How do we ensure AI understands all and not only some of us?

Event Date: 7th February, 2023 | 18:00 CET

This webinar intends to discuss the question of how we can build language technologies for our minority/indigenous/endangered languages and dialects. Language is an important part of culture and so how do we ensure that artificial intelligence represents the culture of everyone in the world and not just the majority?

Watch the recording

Read more about the event

Language technologies, including natural language processing (NLP) and machine translation, are a key aspect of artificial intelligence (AI) that allows computers to understand, interpret, and generate human language. These language technologies have a wide range of applications, such as language translation, text classification, and sentiment analysis. They can be used to improve communication between people who speak different languages, as well as to analyze and understand large amounts of text data.
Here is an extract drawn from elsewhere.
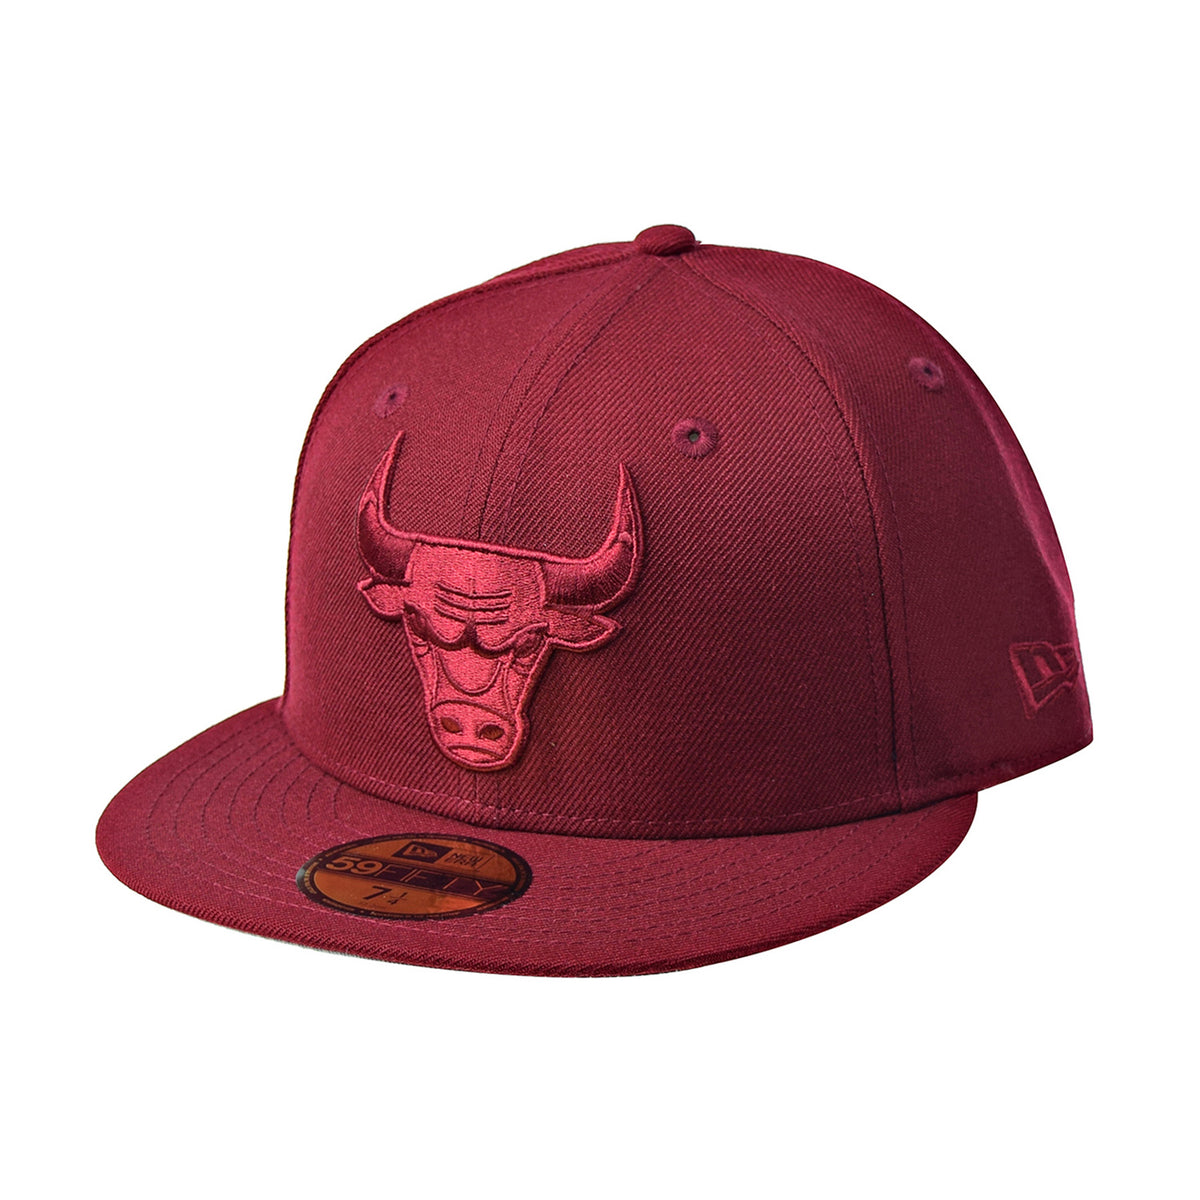 New Era Chicago Bulls 59FIFTY Fitted Men's Hat Burgundy Burgundy / 7 1/8

Overall, the development and advancement of AI and language technologies have the potential to greatly improve communication and understanding between people of different cultures and languages.

However not all languages are equally represented in the development of language technologies. Building language technologies for unpopular languages is a crucial but often overlooked aspect of artificial intelligence (AI) development because it can help to preserve and promote linguistic diversity and provide access to information and communication for speakers of these unpopular languages.

Low-resource languages, i.e., minority languages, indigenous languages/dialects, endangered languages etc., are in a perilous plight and on the verge of extinction. Efforts towards language revitalization are therefore high priority actions required to preserve and sustain the knowledge and assets held by communities within specific locales.

This webinar, which features two experts in creating language technologies for unpopular languages, will address questions like “What is the current state of unpopular languages in artificial intelligence?”, “What are the challenges facing the inclusion of these languages?” and “What are some of the works done, both in industry and academia, to include the minority languages in technologies?”. The webinar is designed to include perspectives from both the research sector and the industrial sector.

Meet the Speakers

Sebastian Ruder is a research scientist at Google based in Berlin, Germany, working on natural language processing (NLP) for under-represented languages. Before that he was a research scientist at DeepMind. He completed his PhD in Natural Language Processing and Deep Learning at the Insight Research Centre for Data Analytics, while working as a research scientist at Dublin-based text analytics startup AYLIEN. Previously, he studied Computational Linguistics at the University of Heidelberg, Germany, and at Trinity College, Dublin. During his studies, he worked with Microsoft, IBM’s Extreme Blue, Google Summer of Code, and SAP, among others. He’s interested in transfer learning for NLP and making ML and NLP more accessible.

Felix Laumann is the CEO of NeuralSpace. NeuralSpace is a Software as a Service (SaaS) platform which offers developers a suite of APIs for Natural Language Processing (NLP) that you can use without having any Machine Learning (ML) or Data Science knowledge. Their primary goal is to democratize NLP and make sure any developer can create apps with advanced language processing in any language and not just English.

Meet the Hosts

Daria Yasafova, a master’s student in Mathematics in Data Science at the Technical University of Munich and a researcher in Artificial Intelligence (AI) and Machine learning. She is interested in life extension and the intersection of AI and healthcare.

Chris Emezue, a master’s student in Mathematics in Data Science at the Technical University of Munich and a researcher in Artificial Intelligence and Machine learning with a focus on languages (Natural Language Processing, NLP) and particularly on low-resource African languages. He is also a researcher at Mila – Quebec AI Institute and the founder of Lanfrica, where he works on accelerating the development of AI applications in African and underrepresented regions. He is an active member of Masakhane and SisonkeBiotik, where he focuses on natural language processing for low-resource African languages and machine learning for healthcare, respectively.